Combined with the above two points, finally took a strategy, if the number of rows is a multiple of 1000, to flush, if the number of rows more than 65536, a new sheet, if more than 3 sheet, then create a new file. For convenience, wrap the XLWT.

Copy the Code code as follows:


#coding: utf-8#
Import XLWT

Class XLS:
' A class wrap the XLWT '
max_row=65536
Max_sheet_num=3

def __init__ (self,name,captionlist,typelist,encoding= ' UTF8 ', flushbound=1000):
Self.name=name
self.captionlist=captionlist[:]
self.typelist=typelist[:]
Self.workbookindex=1
Self.encoding=encoding
SELF.WB=XLWT. Workbook (encoding=self.encoding)
Self.sheetindex=1
Self.__addsheet ()
Self.flushbound=flushbound

def __addsheet (self):
If Self.sheetindex! = 1:
Self.wb.save (Self.name+str (self.workbookindex) + '. xls ')
If Self.sheetindex>xls. Max_sheet_num:
Self.workbookindex+=1
SELF.WB=XLWT. Workbook (encoding=self.encoding)
Self.sheetindex=1

Self.sheet=self.wb.add_sheet (Self.name.encode (self.encoding) +str (Self.sheetindex))
For I in range (len (self.captionlist)):
Self.sheet.write (0,i,self.captionlist[i])

Self.row=1

def write (Self,data):
If Self.row>=xls. Max_row:
Self.sheetindex + = 1
Self.__addsheet ()

For I in range (len (data)):
If self.typelist[i]== "num":
Try
Self.sheet.write (Self.row,i,float (Data[i]))
Except ValueError:
Pass
Else
Self.sheet.write (Self.row,i,data[i])

If Self.row% Self.flushbound = = 0:
Self.sheet.flush_row_data ()
Self.row+=1

def save (self):
Self.wb.save (Self.name+str (self.workbookindex) + '. xls ')
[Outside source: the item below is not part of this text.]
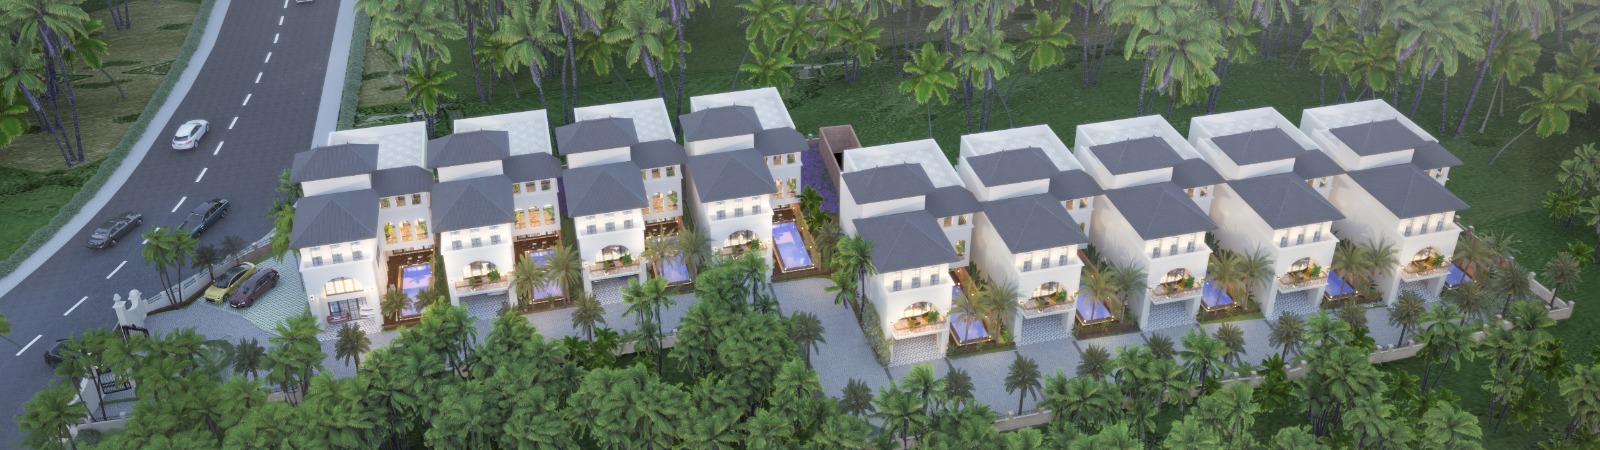 Villas for Sale in Goa

Convert Web page special characters
Because the Web page also has its own unique escape character, it is a bit of a hassle when it comes to regular matching. In the official documents to find a dictionary replacement scheme, private thought good, to do some expansion. Some of them are to keep the correctness of the regular.

Copy the Code code as follows:


Html_escape_table = {
"&": "&",
'"': """,
"'": "'",
">": ">",
"<": "<",
U "•": "•",
U "°": "°",
#regular expression
".": R "\.",
"^": R "\^",
"$": R "\$",
"{": R "\{",
"}": R "\}",
"\ \": r "\ \",
"|": R "\|",
"(": R "\ (",
")": R "\)",
"+": r "\+",
"*": R "\*",
"?": R "\?",
}

def html_escape (text):
"" "produce entities within text." "
Tmp= "". Join (Html_escape_table.get (C,C) for C in text)
Return Tmp.encode ("Utf-8")

Knot
That's pretty much the experience. But the program that was written at the end doesn't bear to look at it anymore. The style is not good. At first, I tried to write it first. And try not to change it.
The final program runs for a long time, with network communications taking up the most of it. Is it possible to consider using multithreading for refactoring? Think about it, let it be.

  • Related Article

    Contact Us

    The content source of this page is from Internet, which doesn't represent Alibaba Cloud's opinion; products and services mentioned on that page don't have any relationship with Alibaba Cloud. If the content of the page makes you feel confusing, please write us an email, we will handle the problem within 5 days after receiving your email.

    If you find any instances of plagiarism from the community, please send an email to: info-contact@alibabacloud.com and provide relevant evidence. A staff member will contact you within 5 working days.

    A Free Trial That Lets You Build Big!

    Start building with 50+ products and up to 12 months usage for Elastic Compute Service

    • Sales Support

      1 on 1 presale consultation

    • After-Sales Support

      24/7 Technical Support 6 Free Tickets per Quarter Faster Response

    • Alibaba Cloud offers highly flexible support services tailored to meet your exact needs.